[Given data]

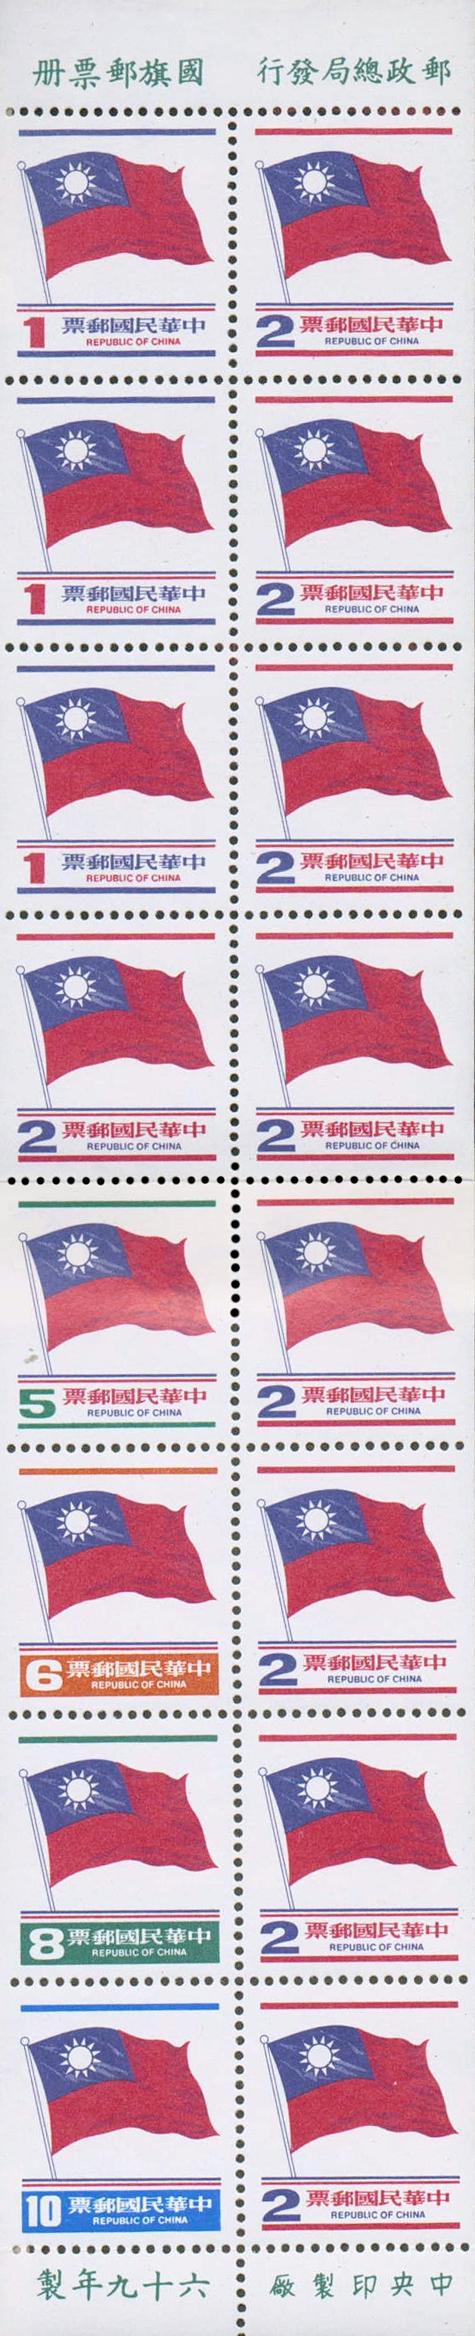 (常101.9)常101國旗郵票
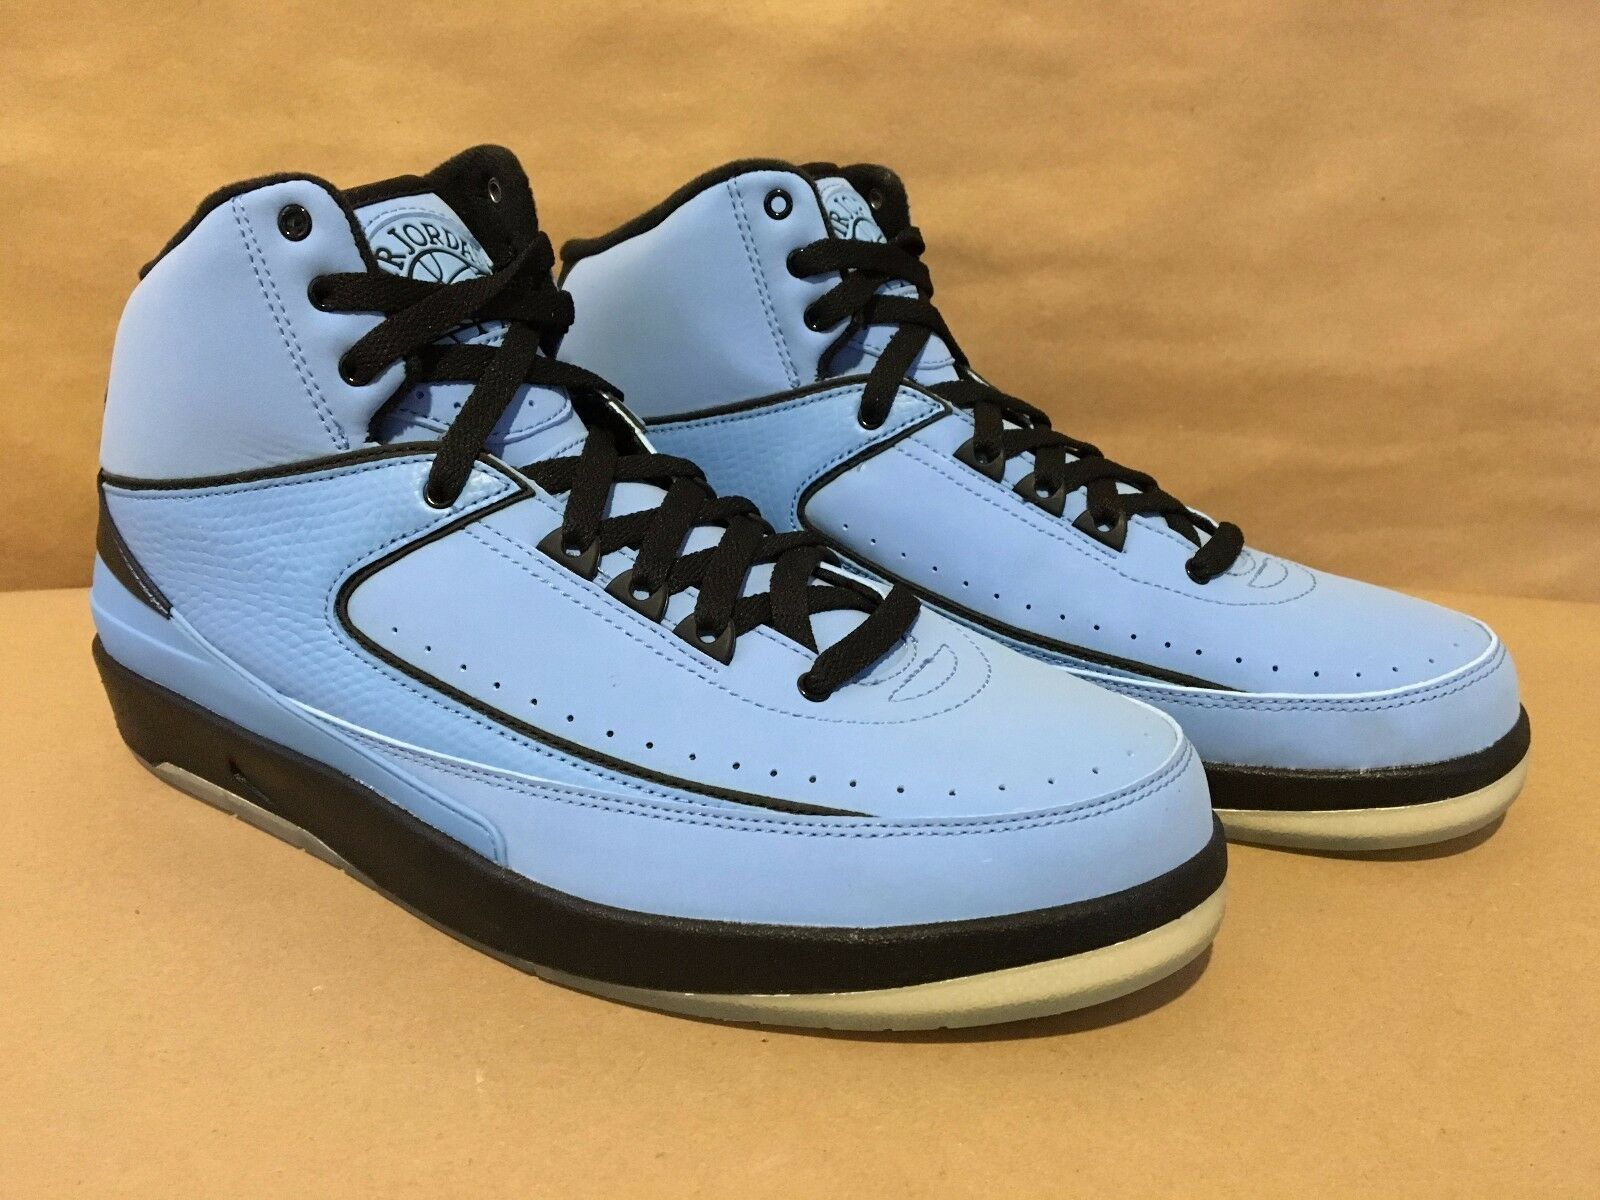 395709-401 Air Jordan 2 Retro QF Univ. bluee Black-White Size 10.5 (2010) DS
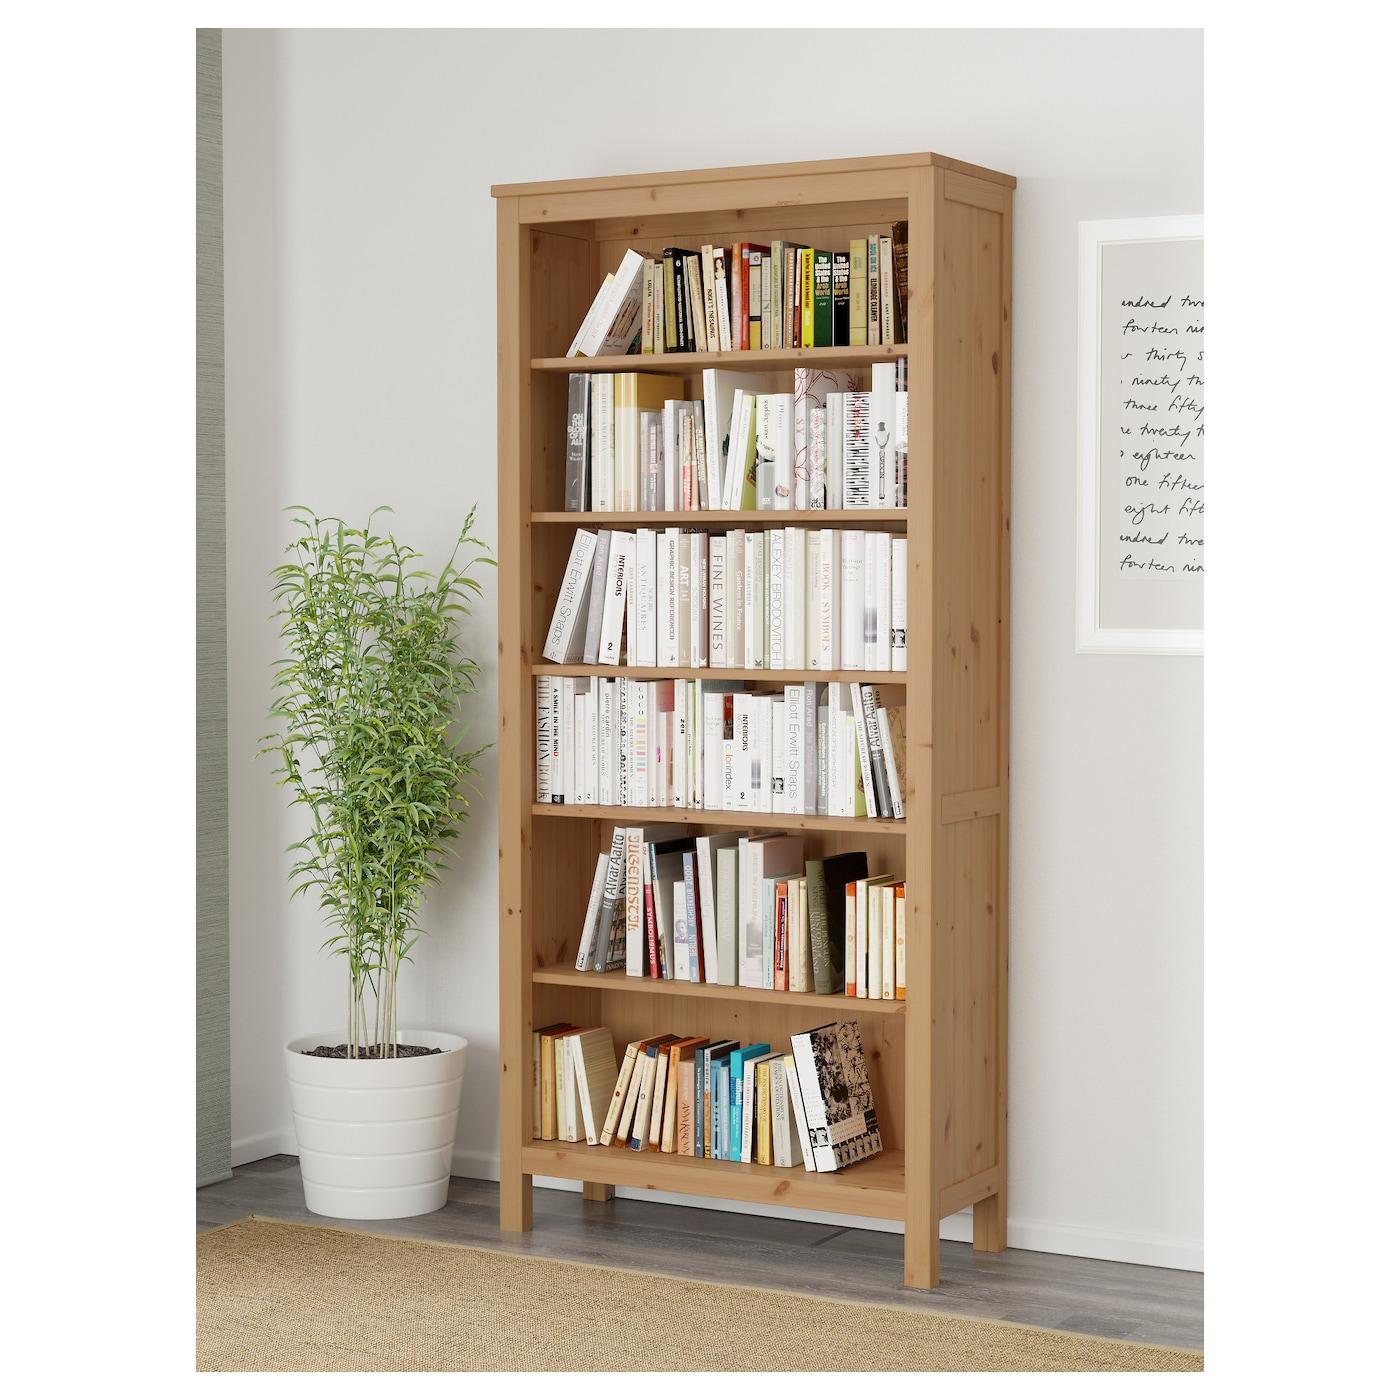 https://www.ikea.com/be/nl/images/products/hemnes-boekenkast-lichtbruin__0394579_pe561402_s5.jpg
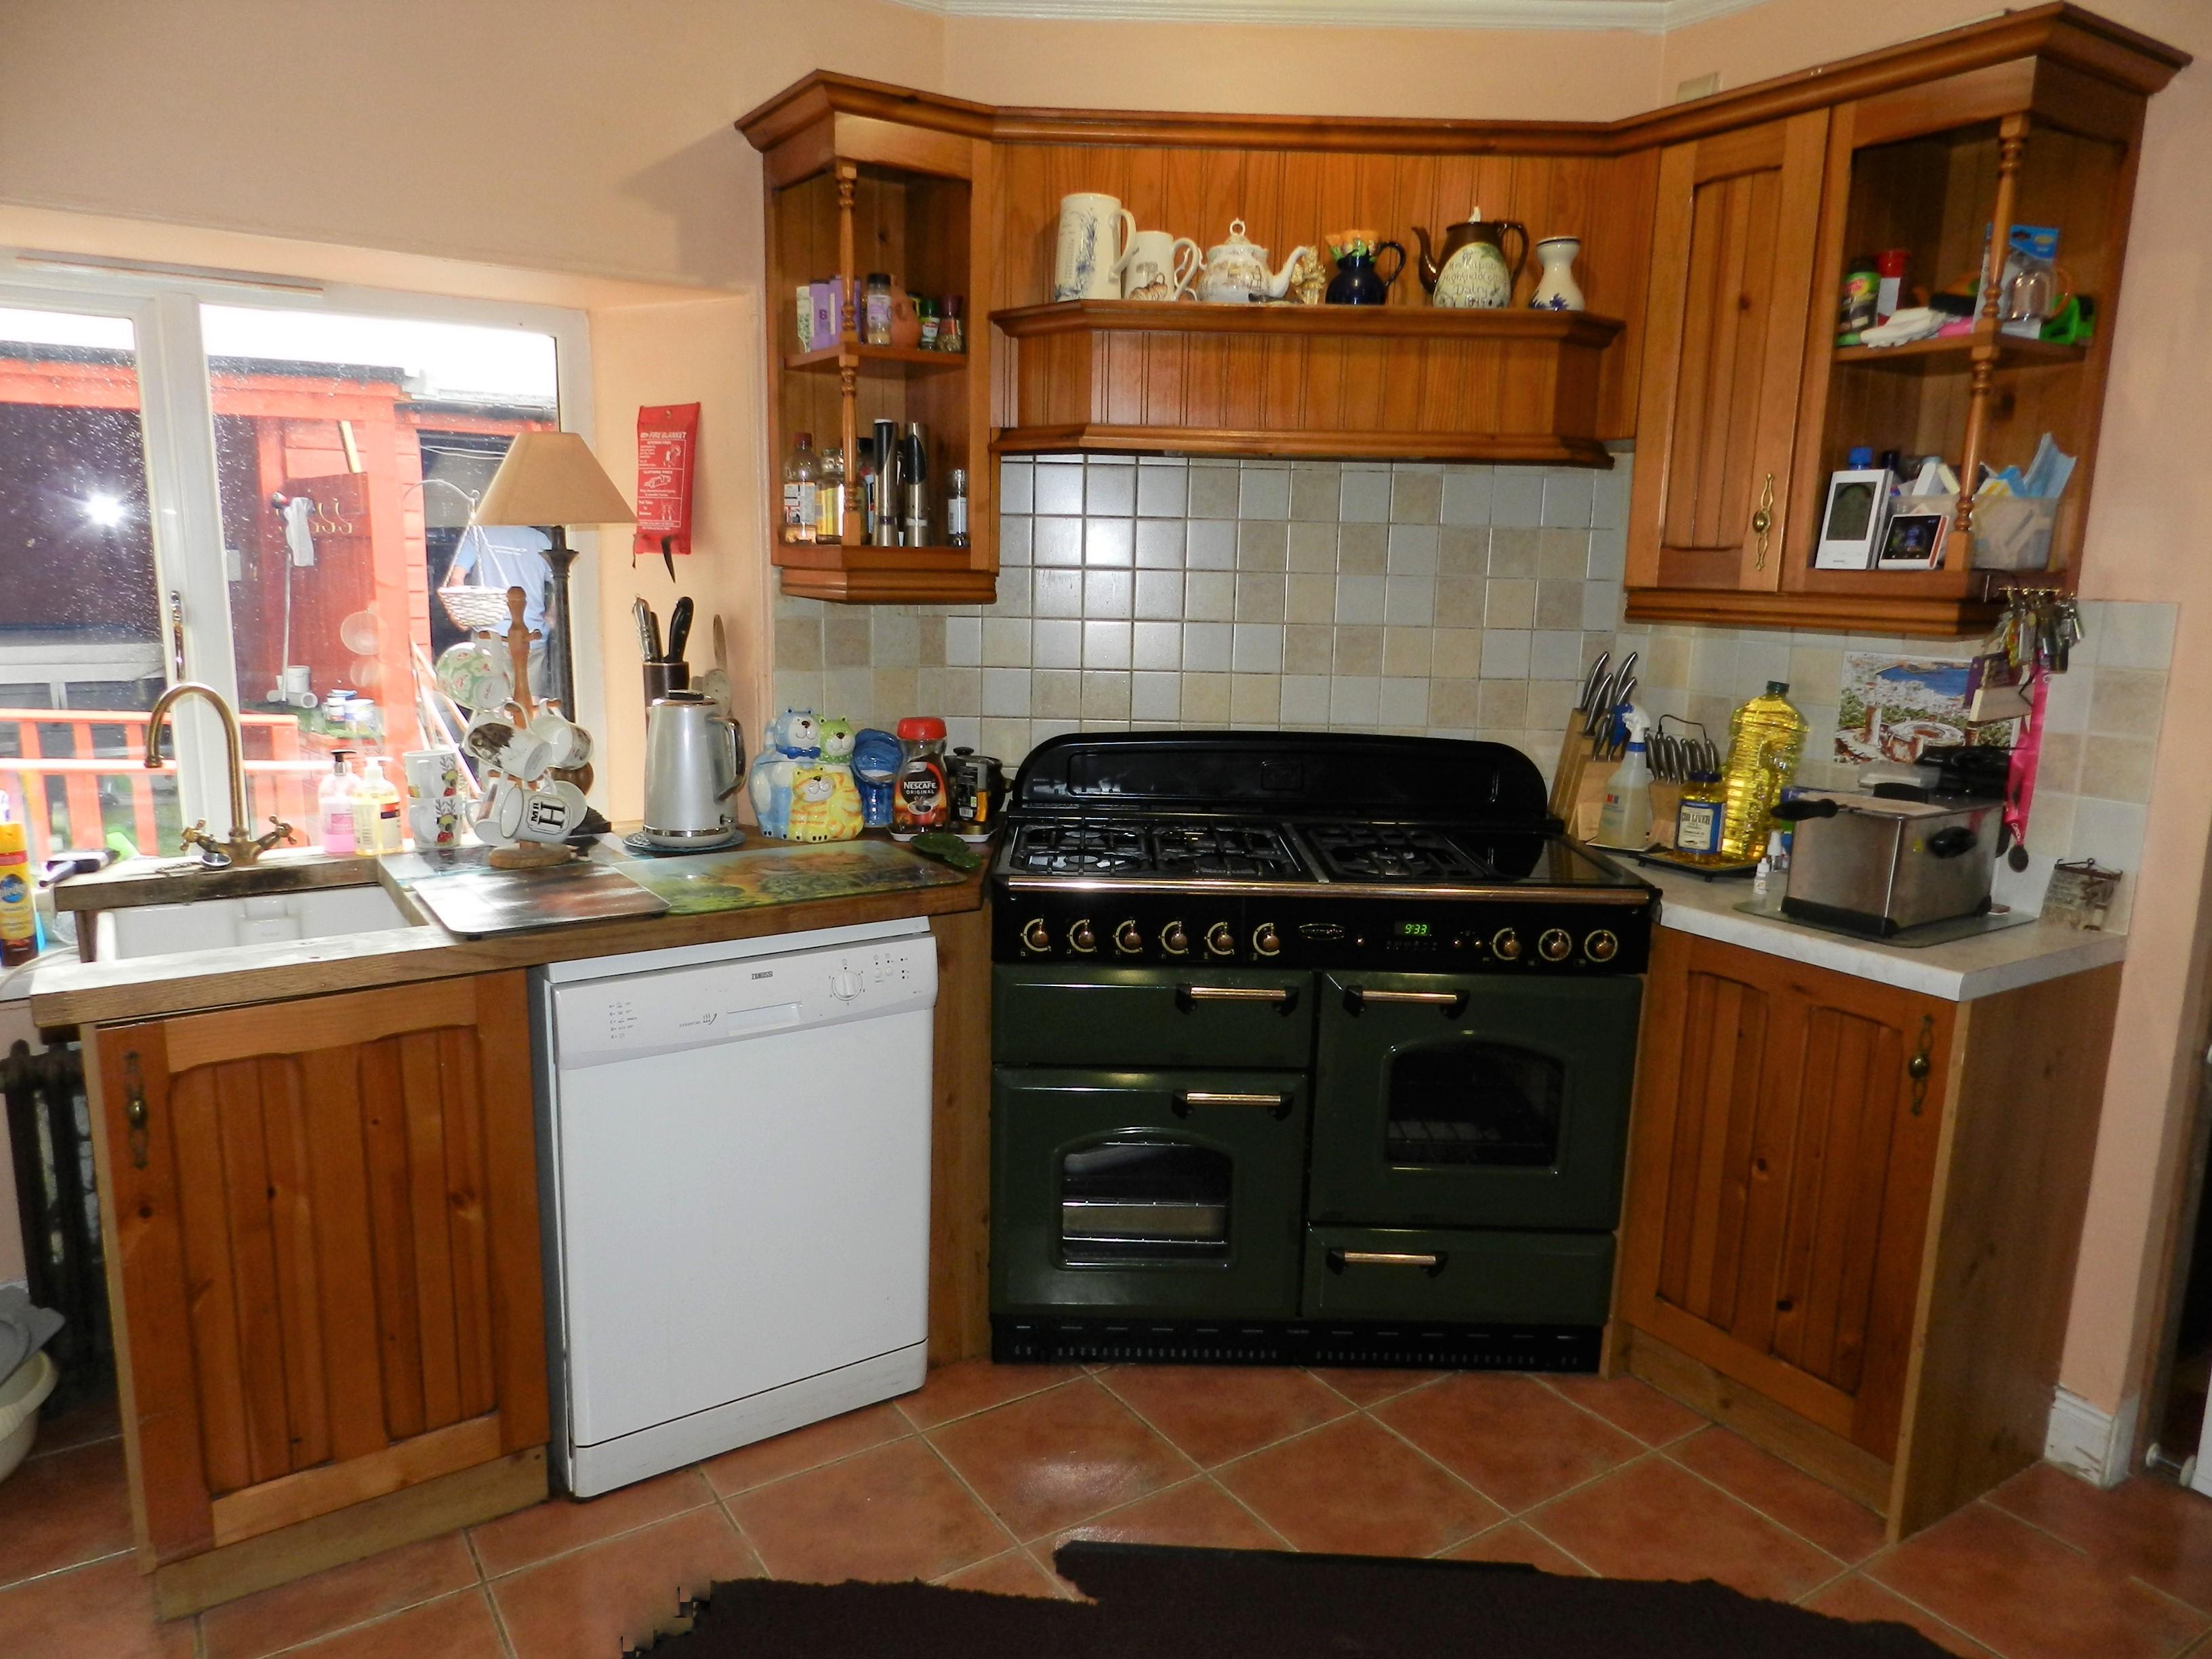 stmichael_kitchen2.jpg

[What the task requires] Once the line with "395709-401 Air Jordan" is found, write out that line and every later line of the listing above exactly, through the last one, and skip any pictures.

[The completed task]
 395709-401 Air Jordan 2 Retro QF Univ. bluee Black-White Size 10.5 (2010) DS
 https://www.ikea.com/be/nl/images/products/hemnes-boekenkast-lichtbruin__0394579_pe561402_s5.jpg
 stmichael_kitchen2.jpg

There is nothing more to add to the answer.